### WORK TASK
Give again, unaltered, the lines of the listing below that run from the line having "Dell Technologies опубликовала" through the line having "Aokang 2018 autumn".

### EXERCISE INPUTS
>>>>>

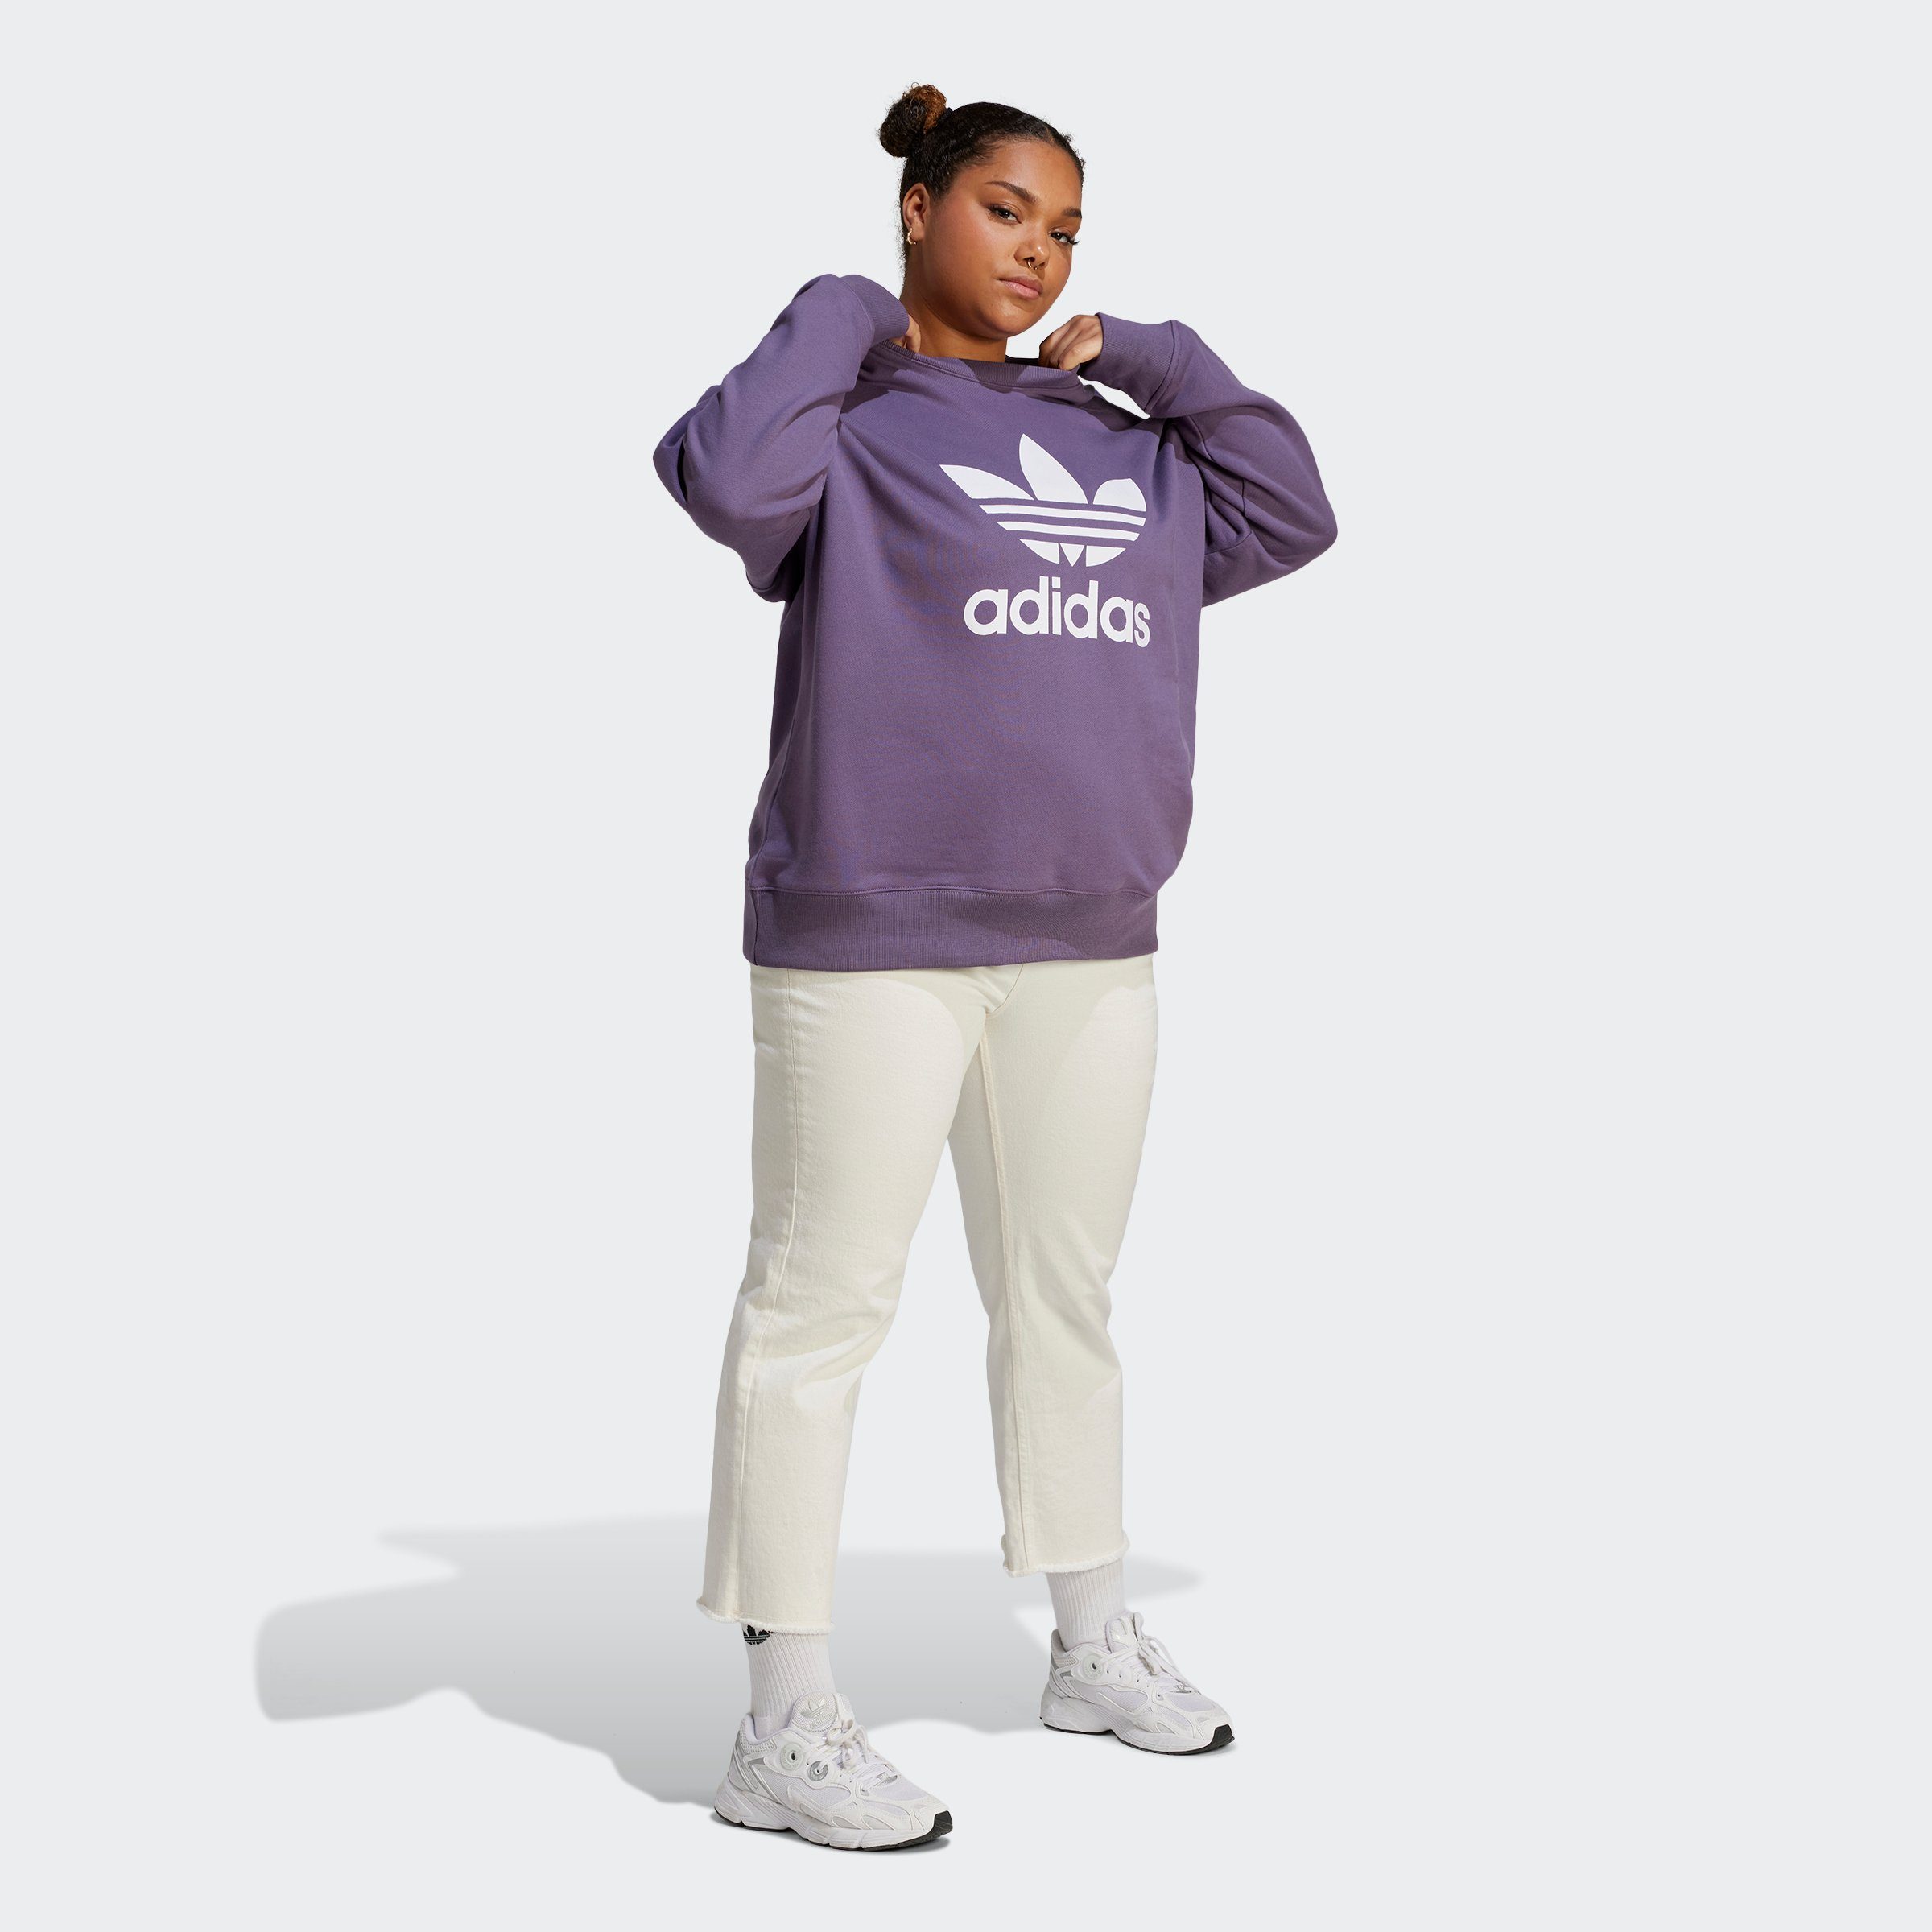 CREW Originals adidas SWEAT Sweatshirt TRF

<<<<<
>>>>>

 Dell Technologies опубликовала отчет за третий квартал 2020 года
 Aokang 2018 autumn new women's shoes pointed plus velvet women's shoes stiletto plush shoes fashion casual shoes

<<<<<

### RESPONSE FOR THIS EXERCISE
 Dell Technologies опубликовала отчет за третий квартал 2020 года
 Aokang 2018 autumn new women's shoes pointed plus velvet women's shoes stiletto plush shoes fashion casual shoes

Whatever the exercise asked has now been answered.